Martedì pomeriggio Metwally ha affrontato un interrogatorio, le accuse sono di danneggiare la sicurezza di Stato tramite la comunicazione con soggetti stranieri e di gestire un’organizzazione formata illegalmente contro la legge e la costituzione egiziana. Lo hanno riferito a ilfattoquotidiano.it i suoi colleghi dell’Egyptian Commission For Rights and Freedom, l’organizzazione che assiste i parenti di Regeni in Egitto.

“Non abbiamo parole, non possiamo fare altro che prendere atto di queste accuse false e chiedere immediatamente la sua liberazione”, afferma Mohammed Lotfy, direttore dell’ECRF. Metwally era stato prelevato due giorni fa dall’aeroporto del Cairo mentre si recava a Ginevra per partecipare a un incontro sui diritti umani alle Nazioni Unite. “Non sappiamo dove sarà detenuto dopo questo interrogatorio, ma cerchiamo di seguire attentamente l’evoluzione del suo caso”, dice Doaa Mostafa Derwa un altro legale dell’ECRF.

L’organizzazione è sotto il mirino delle autorità egiziane da diversi giorni. Lunedì scorso il loro sito internet era stato oscurato mentre già lo scorso anno il loro presidente, Ahmed Abdallah, era stato detenuto per 4 mesi e mezzo con l’accusa di terrorismo.

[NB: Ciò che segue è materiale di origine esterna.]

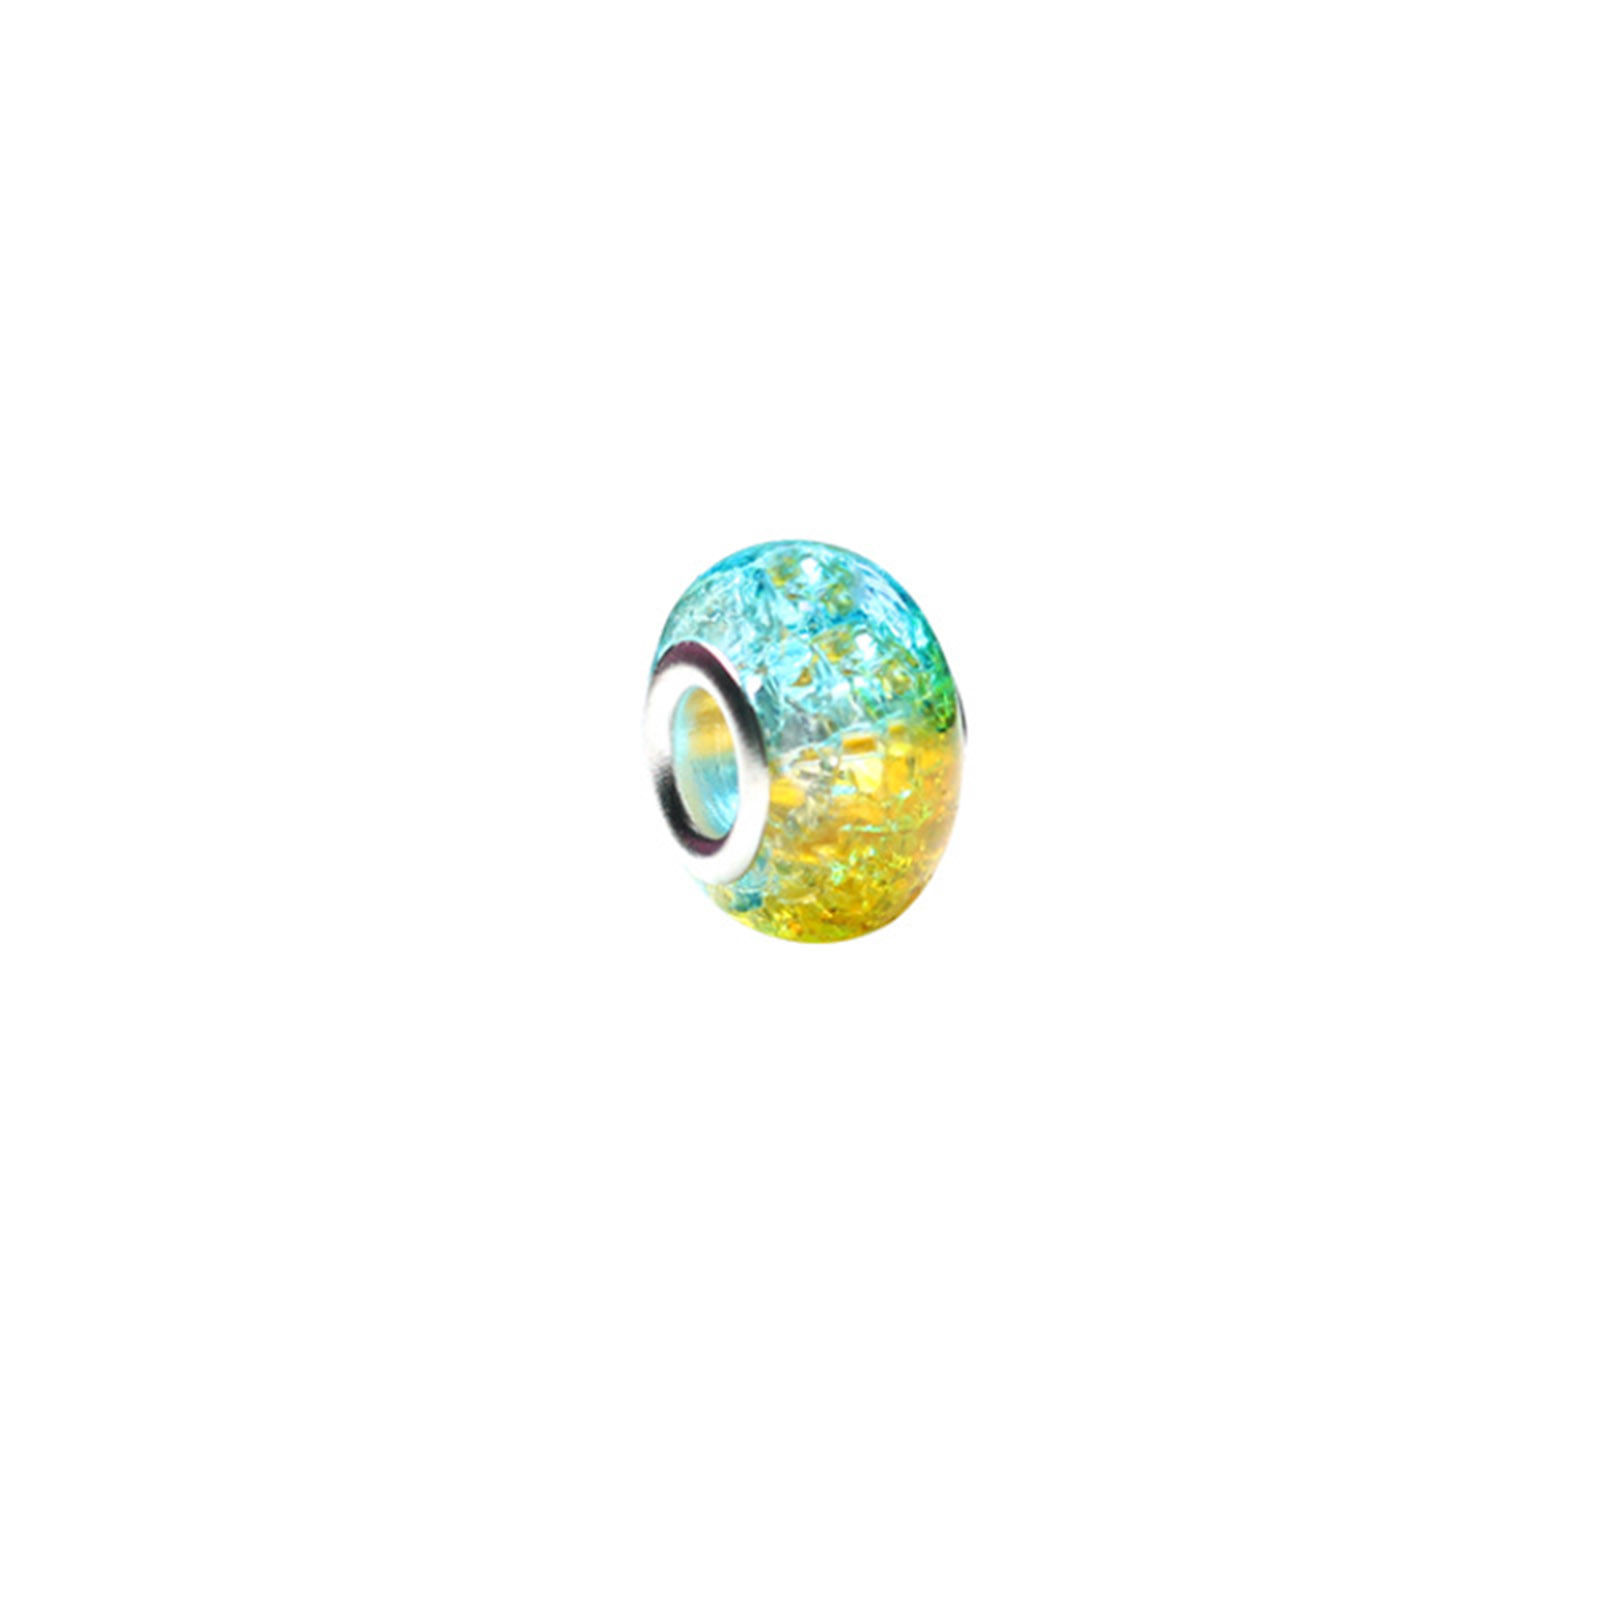 Picture of Resin European Style Large Hole Charm Beads Yellow & Blue Round Crack Gradient Color 14mm Dia., Hole: Approx 5mm, 20 PCs

La questione di Metwally è stata affrontata anche dal presidente del Consiglio Paolo Gentiloni nella sua relazione al Copasir, la Commissione parlamentare per la sicurezza. Ma nonostante il momento critico vissuto dai rappresentati della famiglia Regeni al Cairo e le dichiarazioni di alcuni esponenti del governo egiziano, il premier italiano resta convinto che “l’invio dell’ambasciatore Gianpaolo Cantini non è una resa ma un modo per riallacciare contatti che possano tornare utili a ristabilire cosa è successo al Cairo il 25 gennaio dell’anno scorso”.

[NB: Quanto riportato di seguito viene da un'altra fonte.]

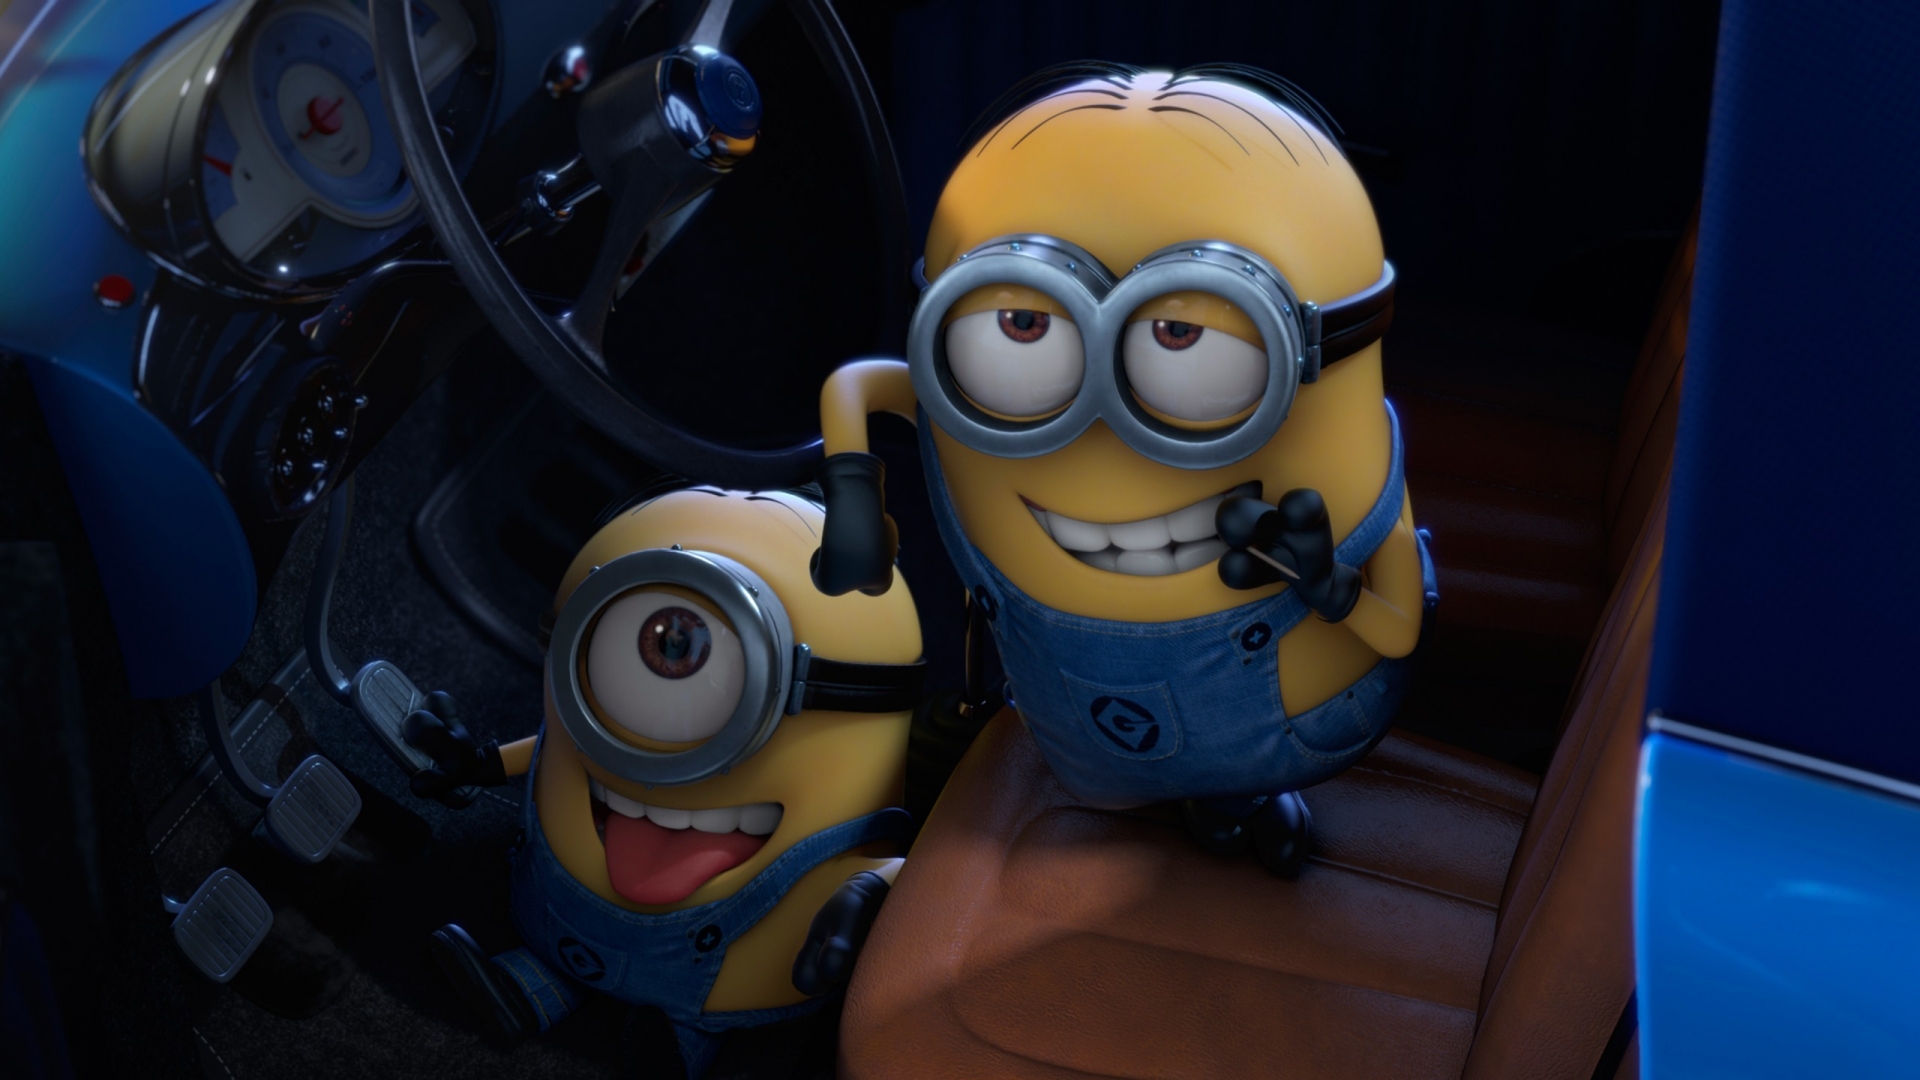 Despicable Me 2 Smile for 1920 x 1080 HDTV 1080p resolution

Per quanto riguarda le informazioni passate dai servizi segreti americani all’Italia che secondo il New York Times attestavano il coinvolgimento dei servizi egiziani nell’omicidio Regeni, Gentiloni ha affermato che non aggiungevano nulla agli elementi già in possesso dell’autorità giudiziaria e dei servizi italiani e per questo non sono state comunicate. La posizione del governo sull’invio di Cantini, atteso al Cairo giovedì, è avvallata anche da una parte dell’opposizione. “Gli interessi economici non possono impedire l’accertamento della verità: questa è una consapevolezza che il Governo ha mostrato di avere oggi”, ha detto il presidente del Copasir, il leghista Giacomo Stucchi.

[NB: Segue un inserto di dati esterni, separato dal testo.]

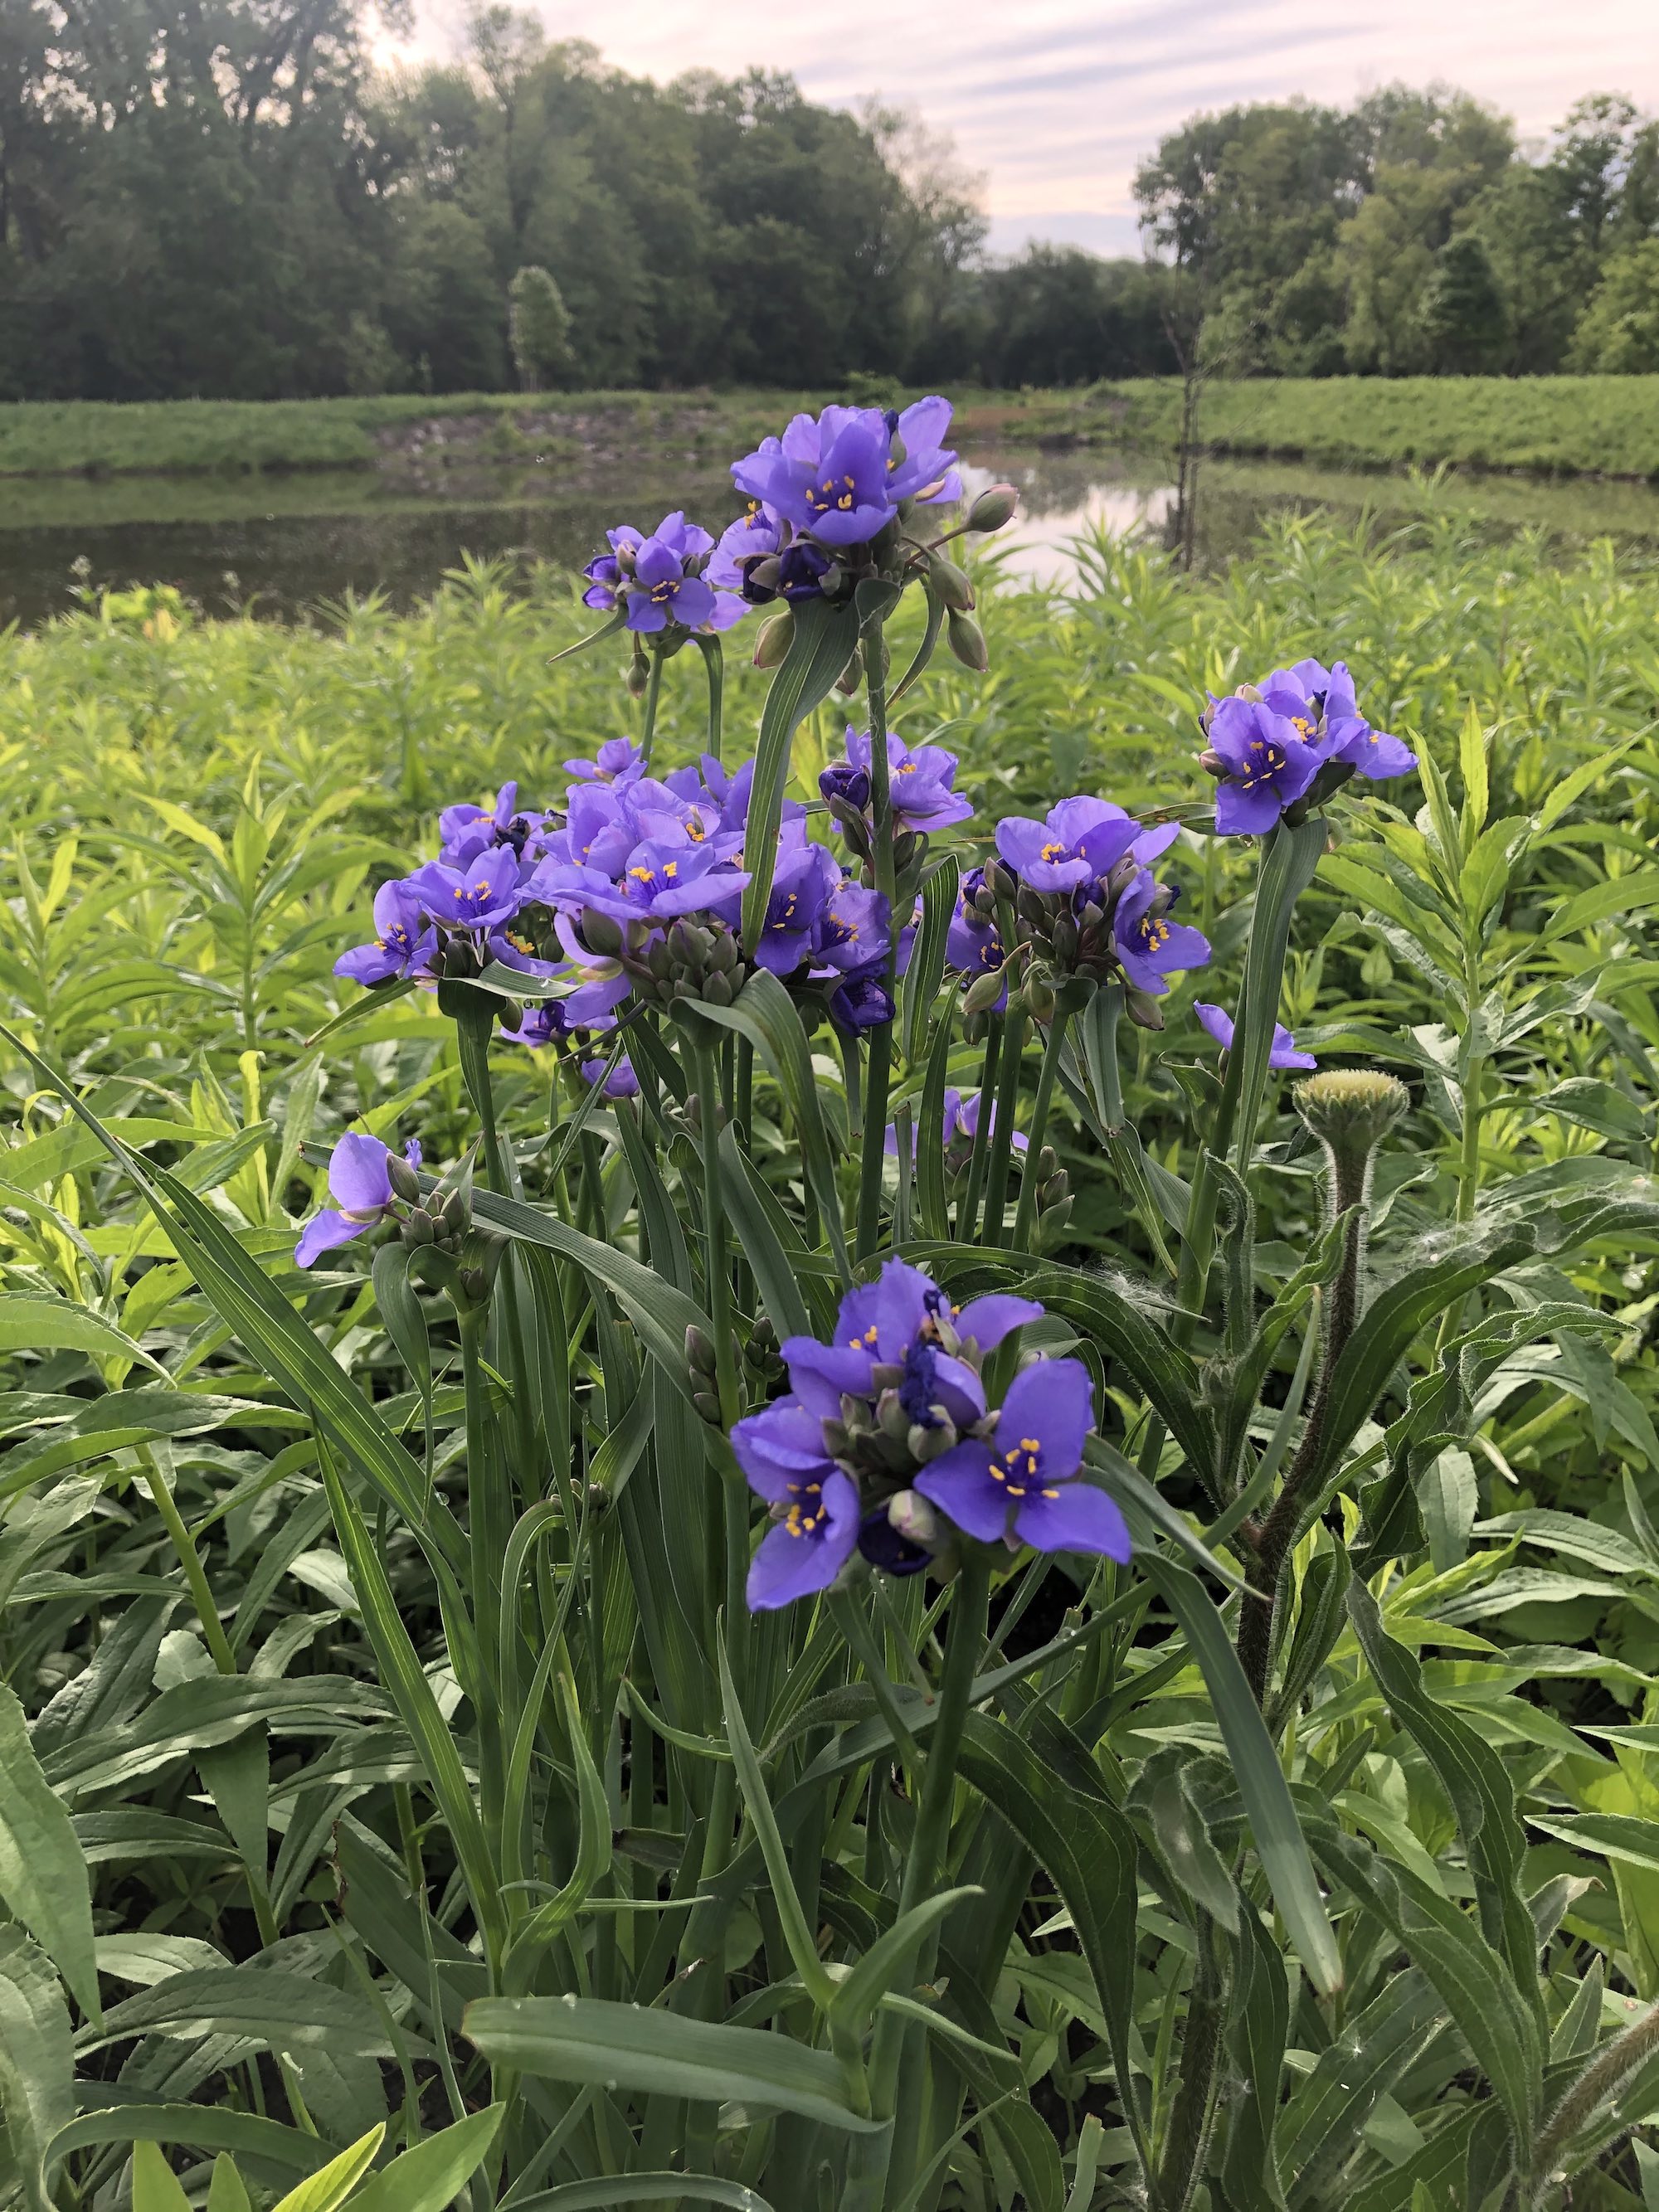 Spiderwort on bank of retaining pond in Madison, Wisconsin on May 31, 2021.

Sempre giovedì il ministro degli Esteri Angelino Alfano incontrerà il suo omologo egiziano Sameh Shoukry a Londra, a margine di una riunione ministeriale sulla Libia. La Farnesina ha confermato che il ministro Alfano discuterà la posizione di Metwally con la giustizia egiziana. Intanto, questa mattina il presidente del Senato Pietro Grasso ha incontrato l’ambasciatore Gianpaolo Cantini. “La richiesta di fare piena luce sui fatti che hanno portato alla morte del ricercatore italiano” – ha affermato Grasso – non arriva solo dai suoi familiari, dai colleghi e dagli amici. È una esigenza profondamente avvertita nel nostro Paese, tra i cittadini e nelle Istituzioni, che ho condiviso incontrando i genitori di Giulio il 16 marzo dello scorso anno e che ho ribadito oggi all’Ambasciatore Cantini, nella piena consapevolezza della delicatezza del compito che gli è stato assegnato”.